On November 5 the Department of Education released single-letter grades for 1,200 schools claiming A’s and F’s would help parents make better decisions. Yet, all over New York, the grades have been either condemned or questioned, mostly because they rely too heavily on test scores, and do not even use that data well.

What has been discussed less, however, is the educational fallout from inaccurate grades. No good can come when schools that ought to be models for our city are labeled failing institutions.

A case in point is P.S. 35 on Staten Island. Parents love this school. Ninety-five percent of parents responding to the DOE survey said they were satisfied or very satisfied with their child’s education. P.S. 35 is part of a community, it has a stellar reputation, and what’s more, its roots go deep. Ask a neighbor if he can sing the Clove Valley Elementary song, and chances are, if he’s lived here long enough, he can.

But that counts for little with the DOE, so let’s look at the scores. In 2006, over 90% of poor children, as well as black and Latino students passed the state exams in math and reading.

In 2007, 98.3% of third, fourth, and fifth graders passed the math exam, and 86.6% passed the reading test. In fact, with about half its students eligible for free lunch, P.S. 35 has been among the top scoring schools in the city and the state for at least the past five years.

The DOE, however, gave this school an F.

How could that happen? With 85% of the grade based on test scores, one might expect an A. But the city used a one-size-fits-all growth model.

Growth models measure the difference in student scores from one year to the next. That’s good, but the DOE measured only one year of growth, and that’s not reliable. At P.S. 35, scores dropped a bit between 2006 and 2007, but in other years, they rose. And when scores are at the top, there’s no room to improve. That hurts schools like P.S. 35.

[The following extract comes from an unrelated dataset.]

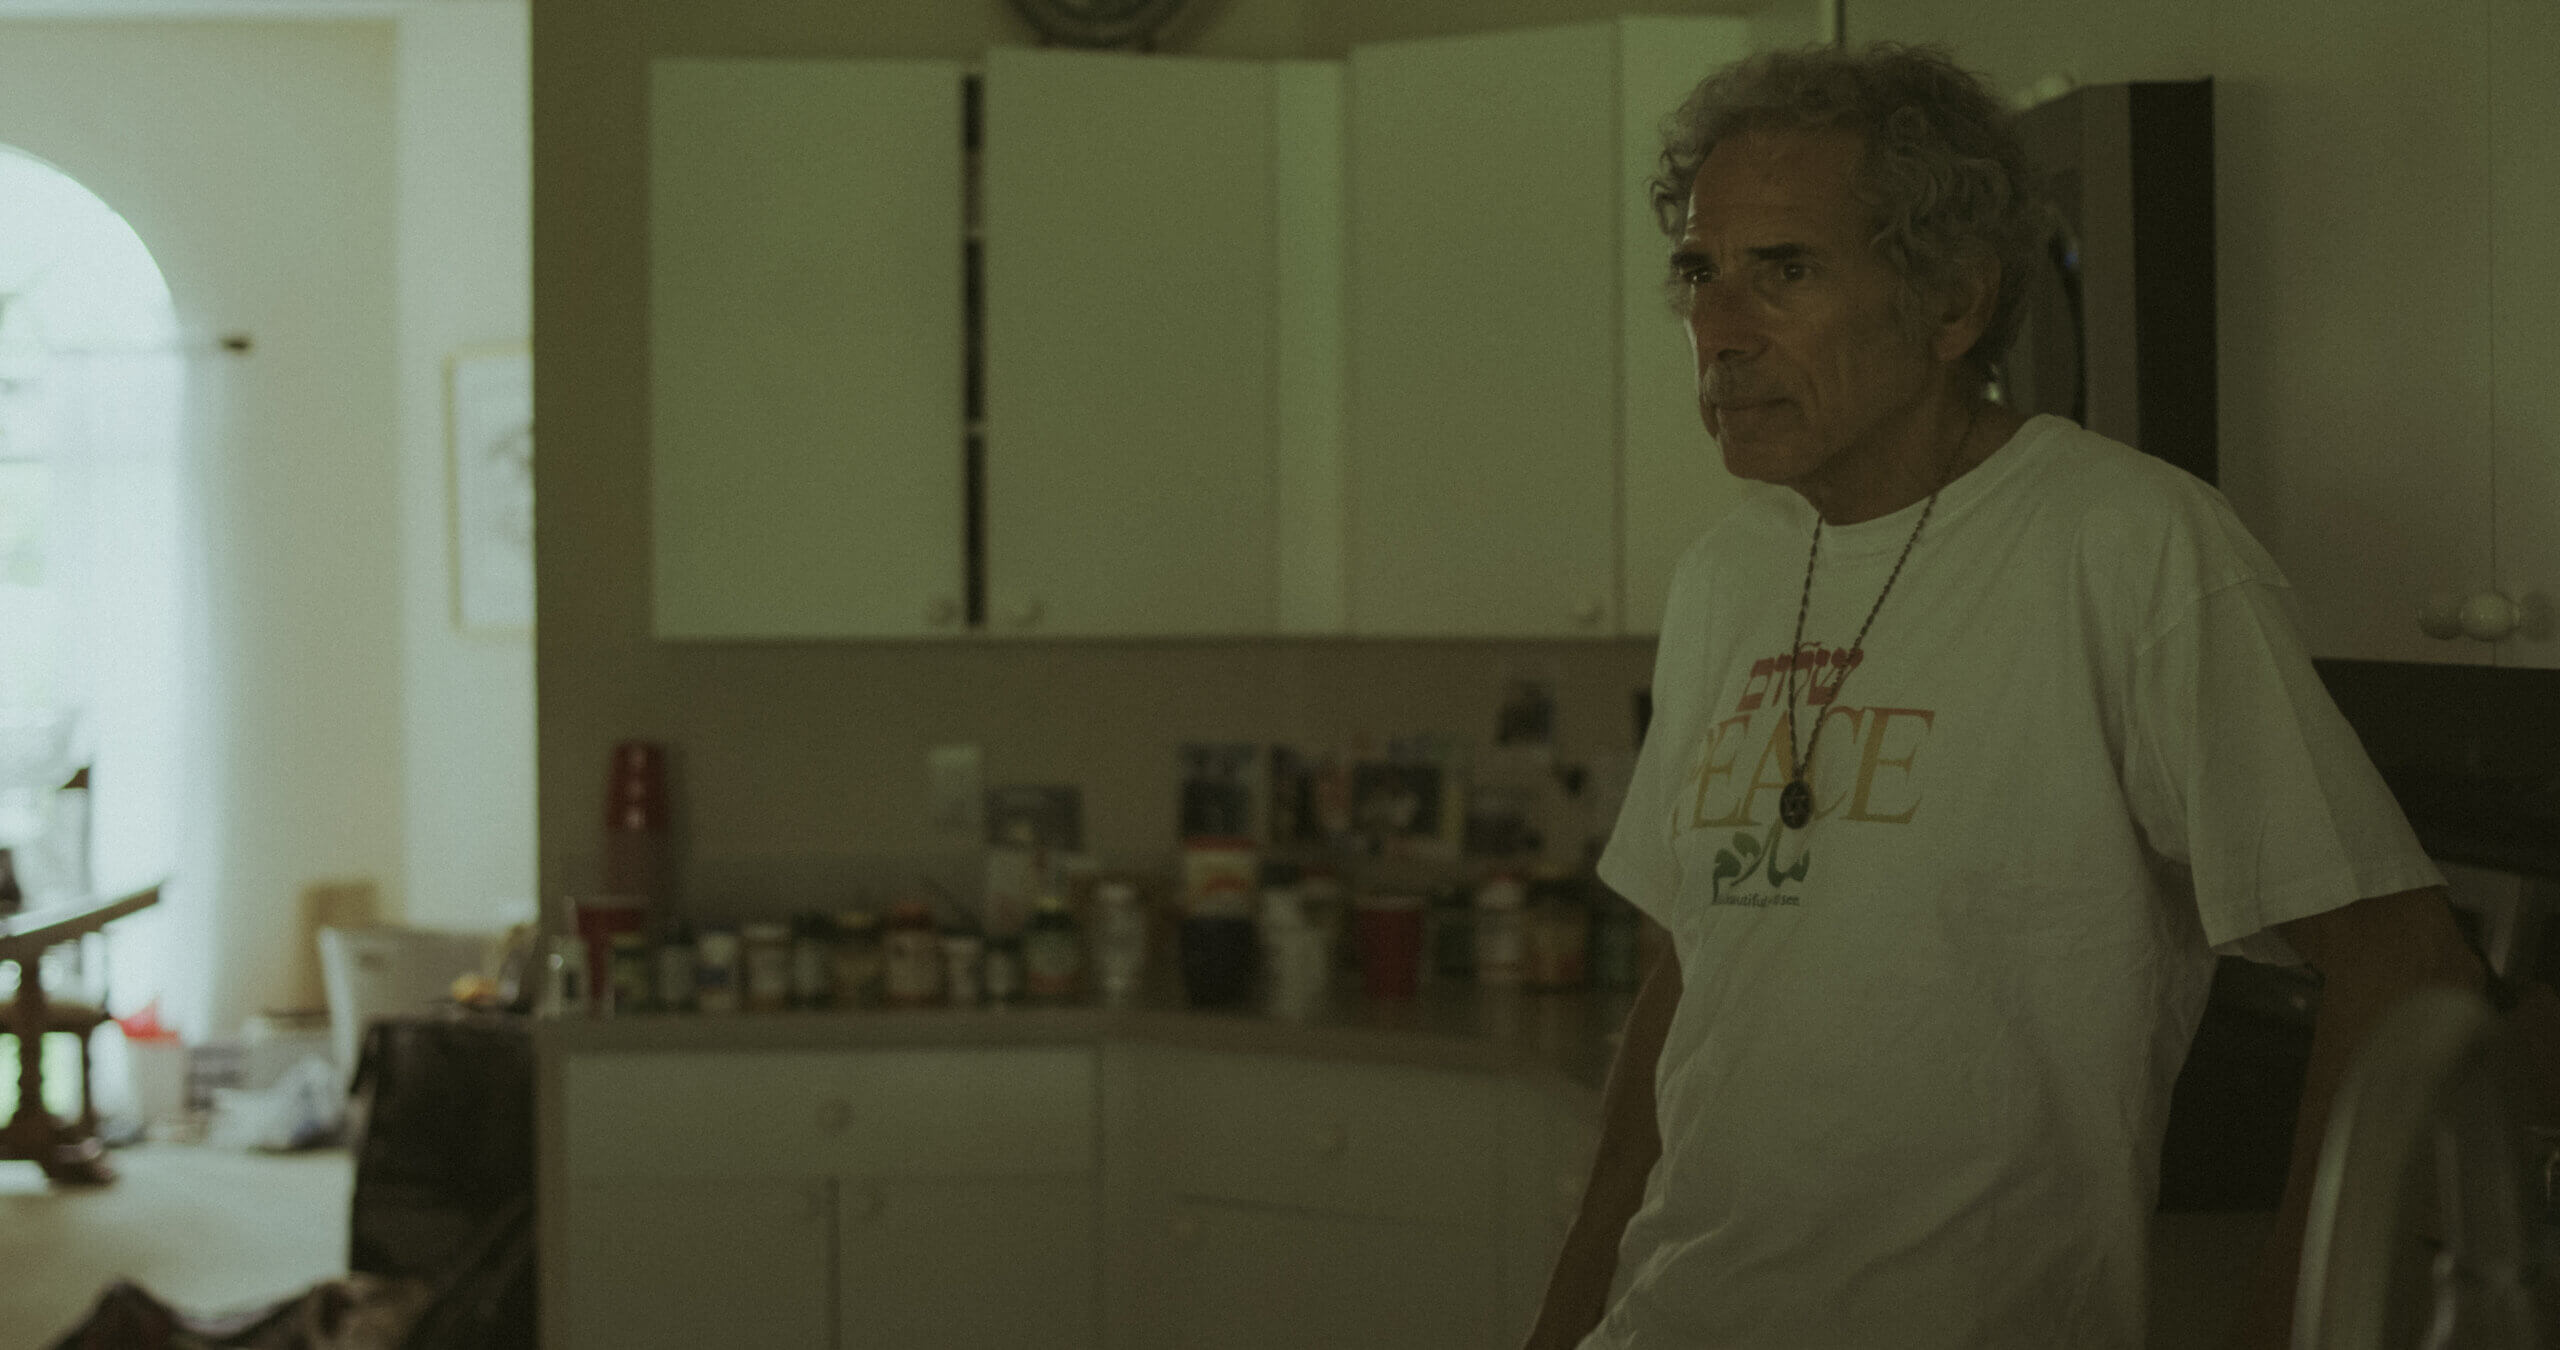 A still photo showing Rabbi Barry Silver, a pro-choice activist based in Florida, standing in a kitchen.

That’s a shame, not just for P.S. 35, but for the city, which could have learned from this school’s success. Success at P.S. 35 is not an accident. The staff has worked tirelessly to get kids focused and then inspire them to learn. When it comes to discipline, they pay close attention to the small stuff, set clear guidelines, and follow up when children misbehave. And when it comes to instruction, P.S. 35 got a little lucky.

When the DOE began imposing lockstep instruction, it was among the schools exempted from the rule. Freed from the city’s micromanagement, the school was able to keep its focus on history, science, and the arts.

Things are not perfect at P.S. 35, but this is a great school. Now, the DOE says something is rotten here, and my gloomy guess is they will want to set it right.

Like all failing schools, P.S. 35 must create an action plan for change. Rather than seeing its strong culture and curriculum flourish citywide, we are more likely to see it snuffed out in the name of improving a place that the DOE doesn’t think works.

P.S. 35 is not the only city school that received a problem grade. On Staten Island alone several top scoring schools received either F’s or D’s. I.S. 34, one of the city’s finest middle schools, received a D. Students transfer here from schools the state has labeled “persistently dangerous.” But of the 11 schools so labeled, nine got higher scores than I.S. 34.

I know 20 schools on Staten Island. Most of the grades for those schools don’t feel right.

Single grades for complex institutions rarely do feel right. At a minimum, the DOE must take into account data from several years.

More fundamentally though, parents and schools need to know what the DOE intended to provide — the information that will allow them to make informed decisions. Test scores are an important part of that, but only a part.

Parents want to know if kids are safe in school and if their classes are too big. They want to know about the chorus and the band. And finally, they want to know if this school will have the ability to think past the tests and broaden the universe of low-achieving, high-achieving, and all those middle kids.

P.S. 35 would have stood up well to exactly those questions.

Ms. Bennett, a New York City high school teacher for 18 years, regularly contributes to the blog edwize.org.